Physics-informed AI methods for predicting complex systems.
In the Innovative Computational Methods research group, Dennis Duncan and Christoph Raeth at the Institute for AI Safety and Security are developing and optimising methods for hybrid reservoir computing. They combine data-driven and model-based predictions to better forecast complex physical-technical systems. These methods can be used, for example, to predict instabilities in turbines or frequency fluctuations in power grids.
Reservoir Computing (RC) is one of the most promising AI approaches for predicting complex systems. In its original form, RC is a purely data-driven method. Unlike e.g. sociological systems, physical-technical systems often provide at least approximate prior knowledge about the underlying model. In hybrid reservoir computing, this approximate knowledge about the model can now be incorporated into the prediction, thus extending the classical RC approach.
In the current work , different possible combinations (Fig. above/left: input hybrid, output hybrid, full hybrid) of the data-driven and model-based elements in hybrid RC were developed and tested for their goodness of fit. Using the chaotic model systems, it is shown that all hybrid approaches - no matter in which combination - significantly improve the prediction quality. The best results are achieved by combining data-driven and model-based predictions in the output layer of the recurrent neural network (output hybrid).
The prediction quality of the output hybrid combination is sometimes slightly better than the input hybrid and full hybrid approaches for very good models, but the prediction never falls below the level of the classic RC approach - unlike the other two hybrid methods. Not even when the model is poor or completely incompatible with the system dynamics. A more reliable prediction can therefore always be guaranteed in this output hybrid case. Another advantage is that only in this configuration is it possible to filter out the contribution of each of the data-driven and model-based predictions to the overall prediction. This makes the results easier to interpret (Fig. above/right side).

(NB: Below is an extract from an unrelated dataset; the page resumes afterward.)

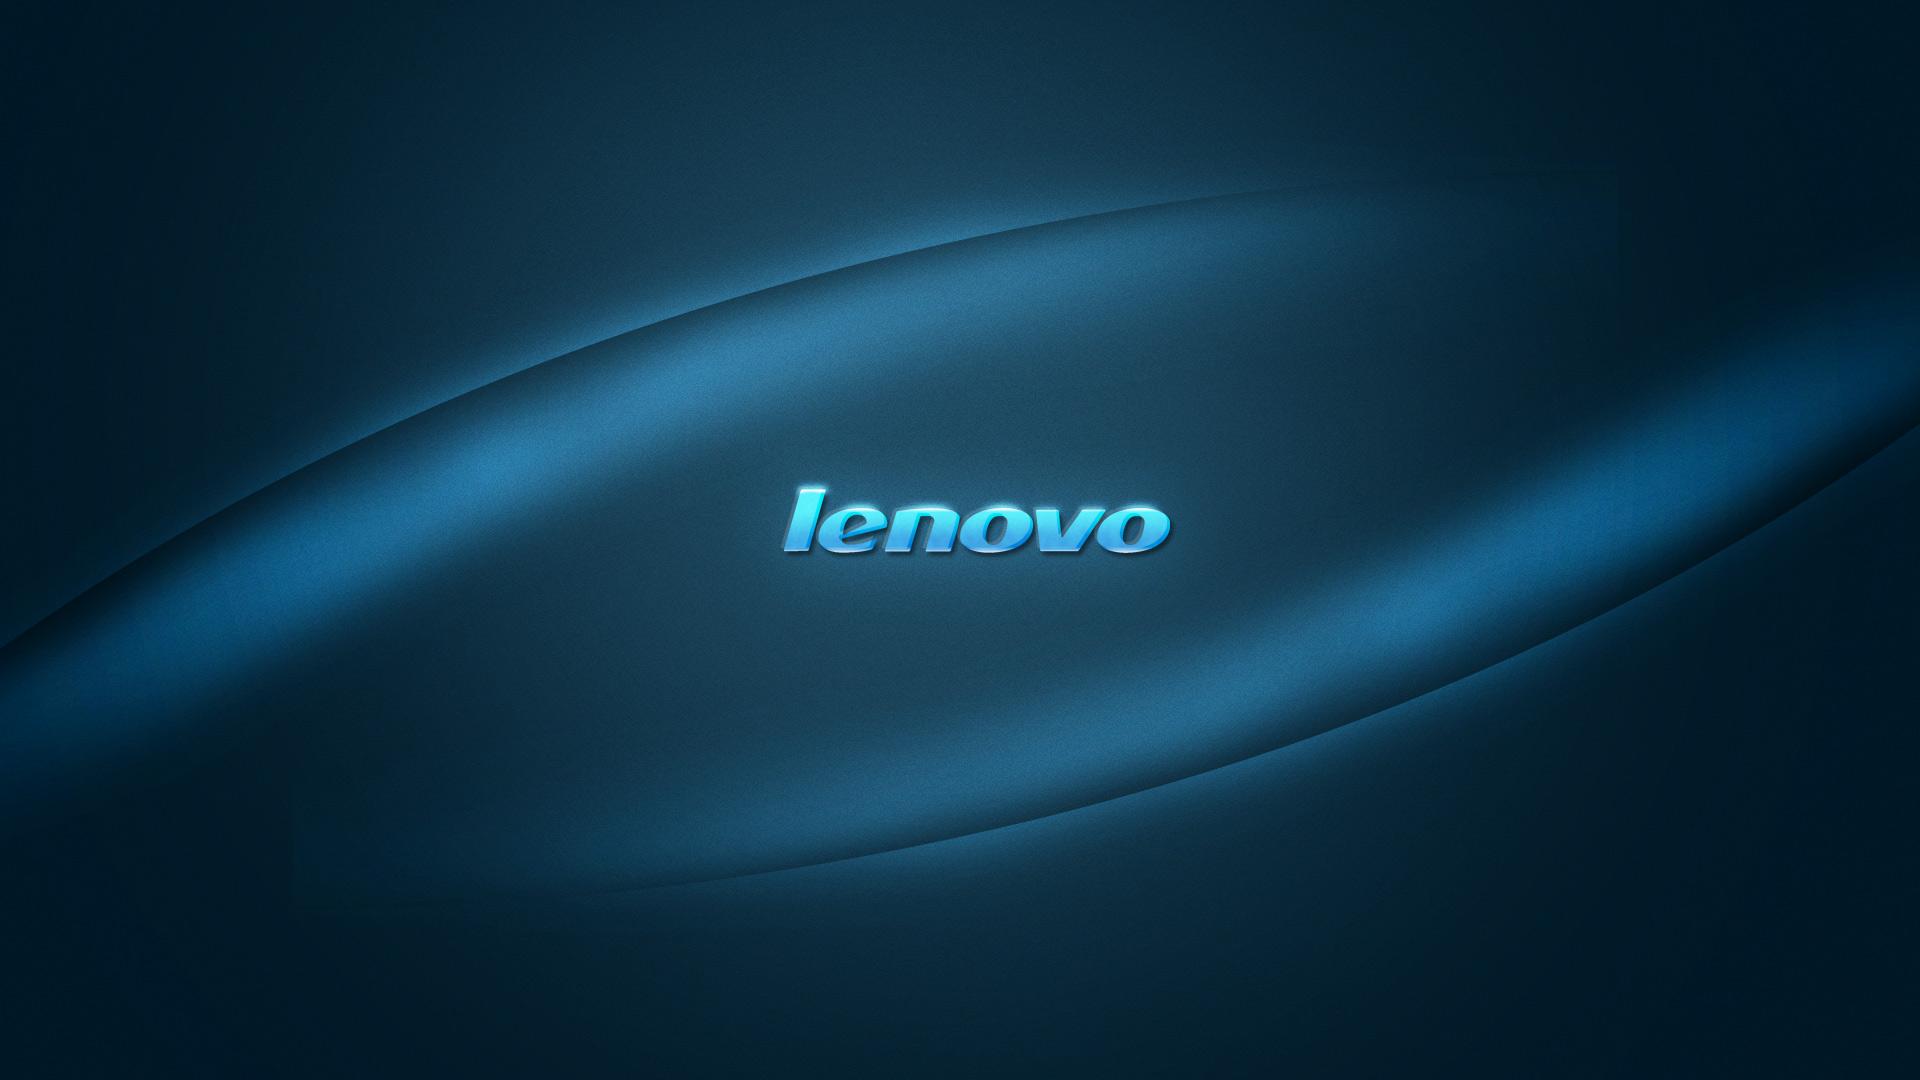 Presentan nuevos mviles de Lenovo Geek 1920x1080

The paper is a milestone in the DLR project PISA (=Physics InSpired Ai). The aim is to develop hybrid AI methods that can later be used in physical-technical applications, such as the prediction and control of combustion instabilities in jet engines. In addition to the Institute of AI Safety and Security, the DLR Institutes of Software Technology, Aerodynamics and Flow Technology, and Space Propulsion are also involved in PISA.